Task: Go through the following data and transcribe exactly the stretch of lines from the one holding "Non c’è dubbio: è" to the one holding "Ranger 2050MS", both included.

Data:

++++++++++++++++++++

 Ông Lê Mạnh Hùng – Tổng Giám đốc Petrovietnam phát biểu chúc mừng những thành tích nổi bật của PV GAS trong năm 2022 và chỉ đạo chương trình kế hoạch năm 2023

++++++++++++++++++++

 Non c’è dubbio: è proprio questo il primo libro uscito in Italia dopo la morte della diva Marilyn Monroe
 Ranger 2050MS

++++++++++++++++++++

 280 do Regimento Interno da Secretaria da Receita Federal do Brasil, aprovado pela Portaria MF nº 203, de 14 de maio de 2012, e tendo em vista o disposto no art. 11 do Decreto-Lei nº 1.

++++++++++++++++++++

Answer section:
 Non c’è dubbio: è proprio questo il primo libro uscito in Italia dopo la morte della diva Marilyn Monroe
 Ranger 2050MS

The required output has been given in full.